ROBUSTNESS: Are JobCollection objects written atomically?
Vignette 'Migrating from BatchJobs/BatchExperiments' says:
- "Nodes do not have to access the registry. submitJobs() stores a temporary object of type JobCollection on the file system which holds all the information necessary to execute a chunk of jobs via doJobCollection() on the node. This avoids file system locks because each job accesses only one file exclusively."
What happens if master reads such a JobConnection file before it has been fully written? Sure, the chance for this should be small, but with 10,000-100,000's of jobs, could this happen? If it could happen, I wonder if the file format can protect against this, e.g. an generate at least a parse error, or in the worst case, silently parse the incomplete file.
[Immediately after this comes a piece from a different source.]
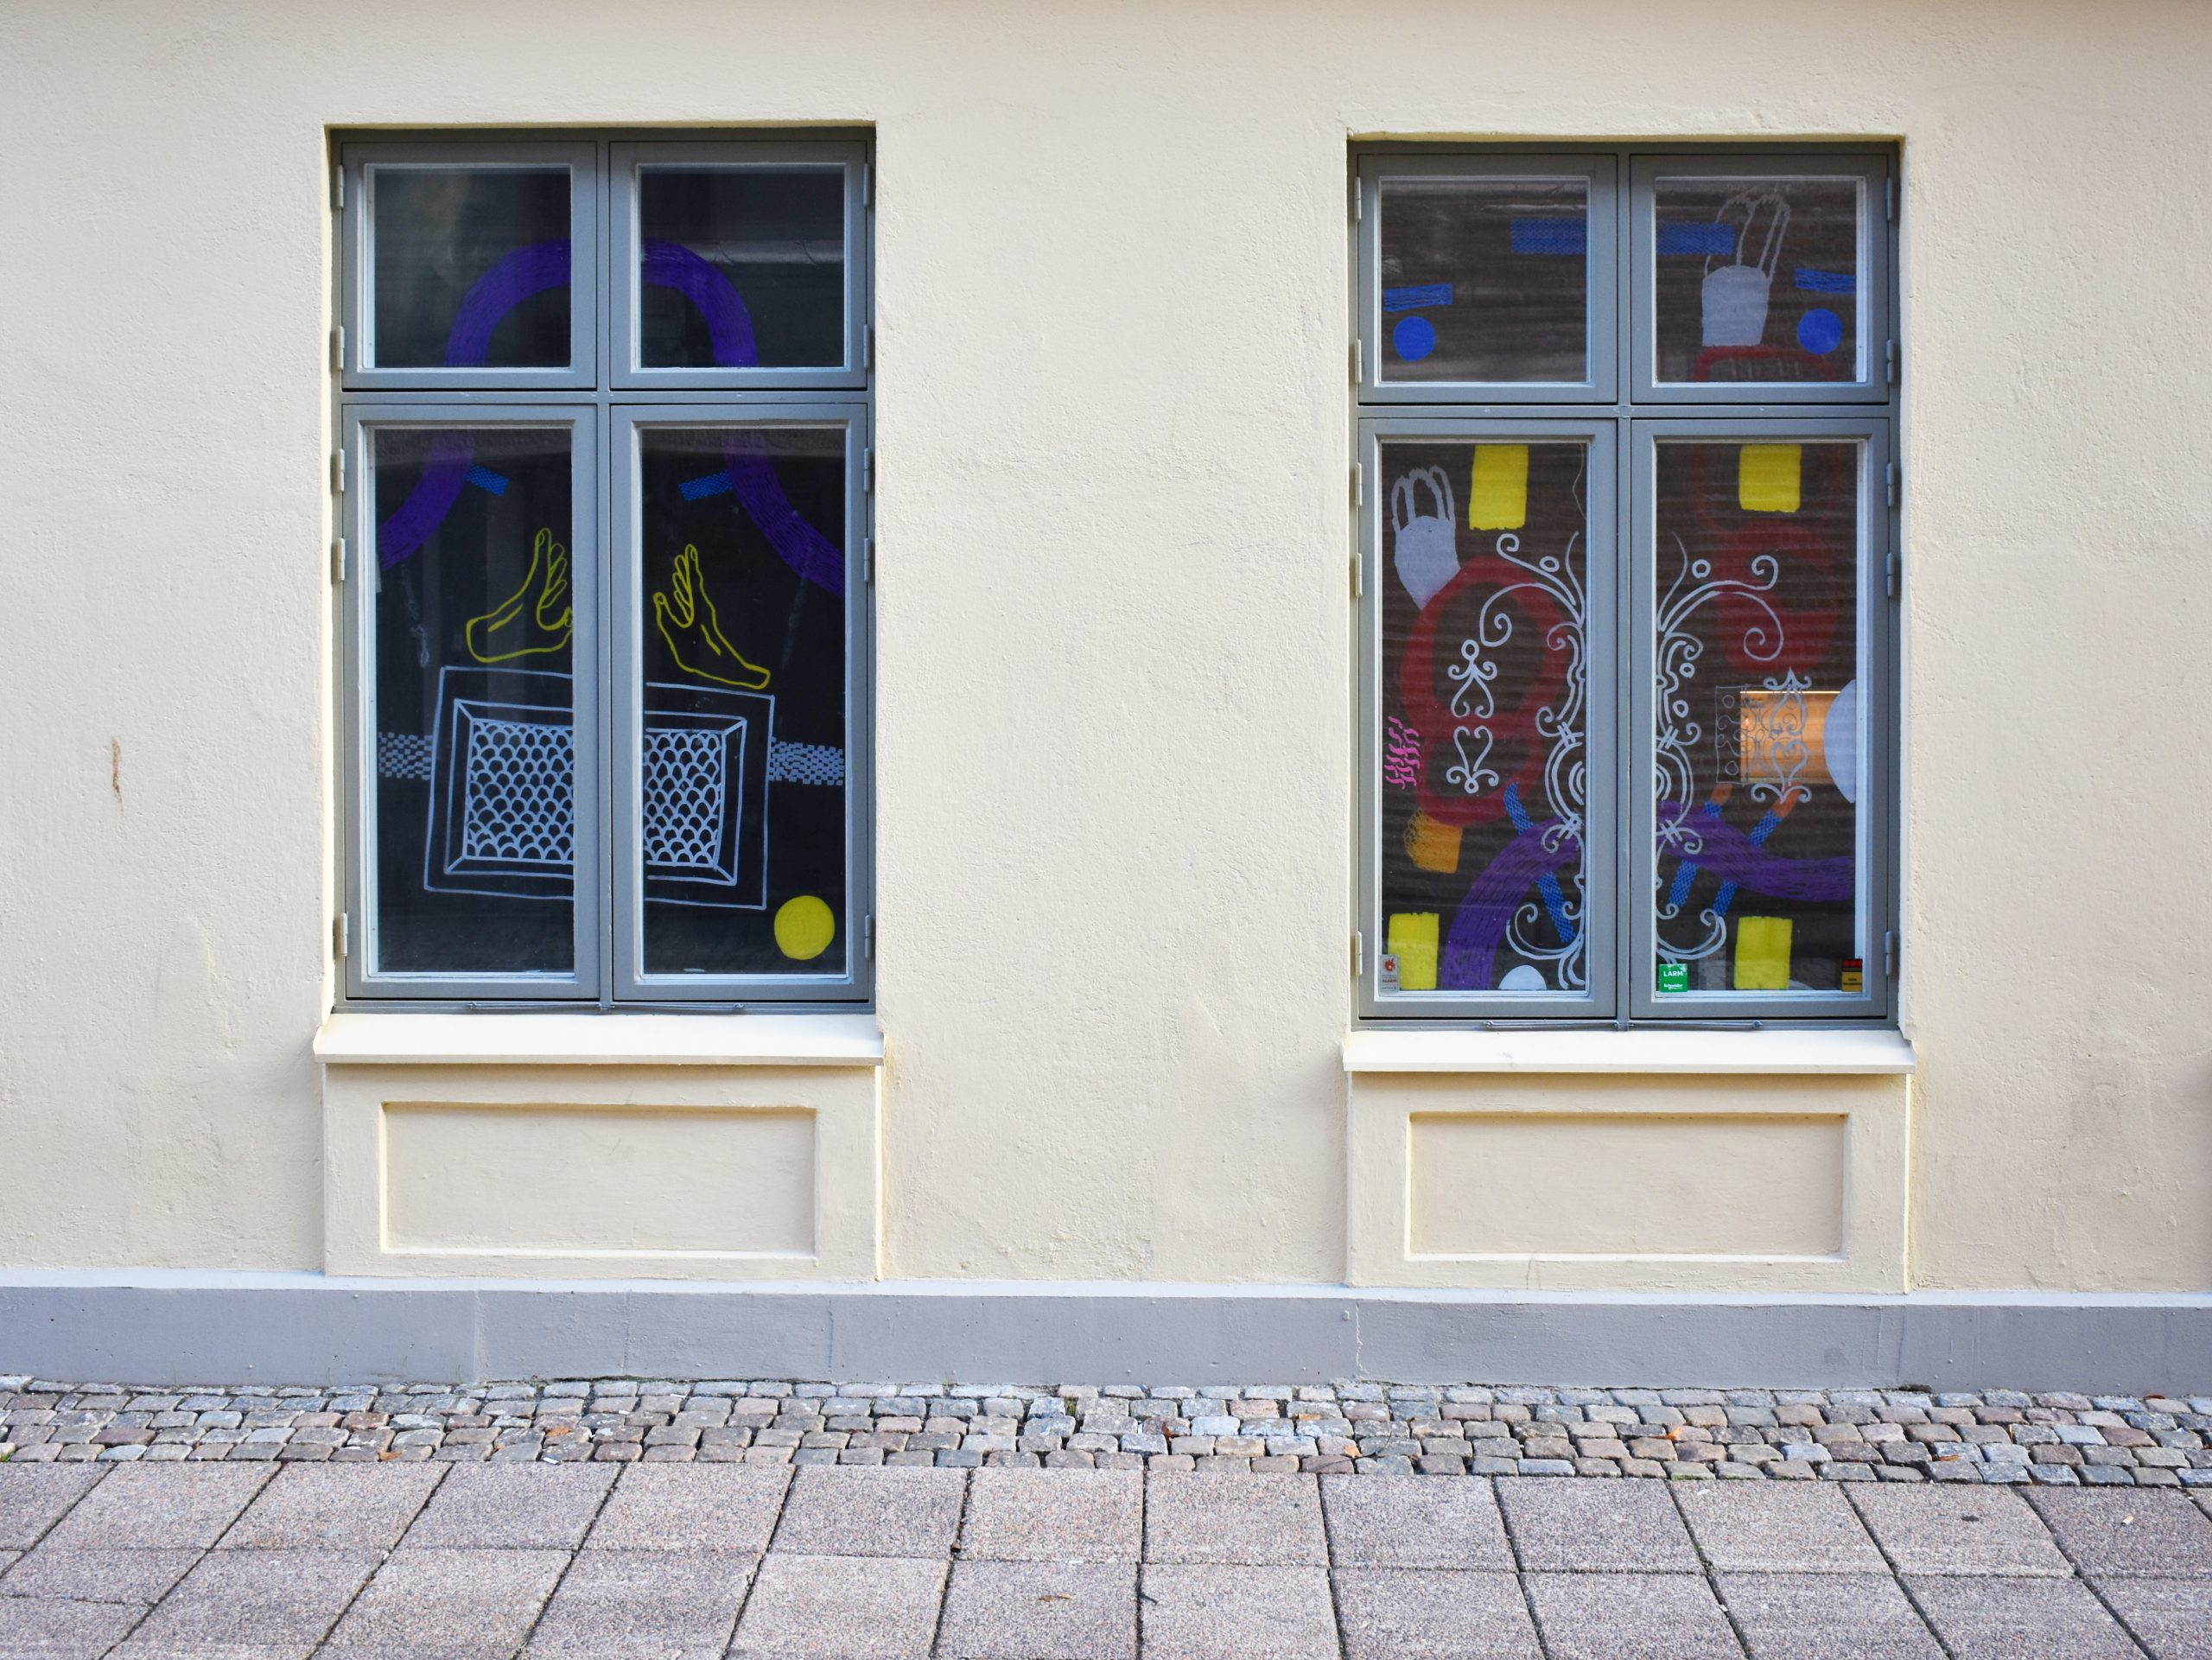 Anni Tuikkas konstverk i fönstren på Postgatan 31 som gjordes 2019

If not already written atomically, could it be achieved by simply writing to foo.rds.tmp which is then renamed to foo.rds only when saveRDS() is complete? (Here I'm just assuming you're using RDS files).
Jobs which fail to find a JobCollection file will terminate with an error but appear as "expired" on the master because they were unable to communicate anything back. The log files should be informative if the template file redirects the output and does not rely on batchtools to do so.
However, there are several mechanism which should guard against this:
-
saveRDSis blocking the session andsubmitJobis called aftersaveRDS. - I use this little helper here to write the files and then wait for the file system / file system caches to find the file.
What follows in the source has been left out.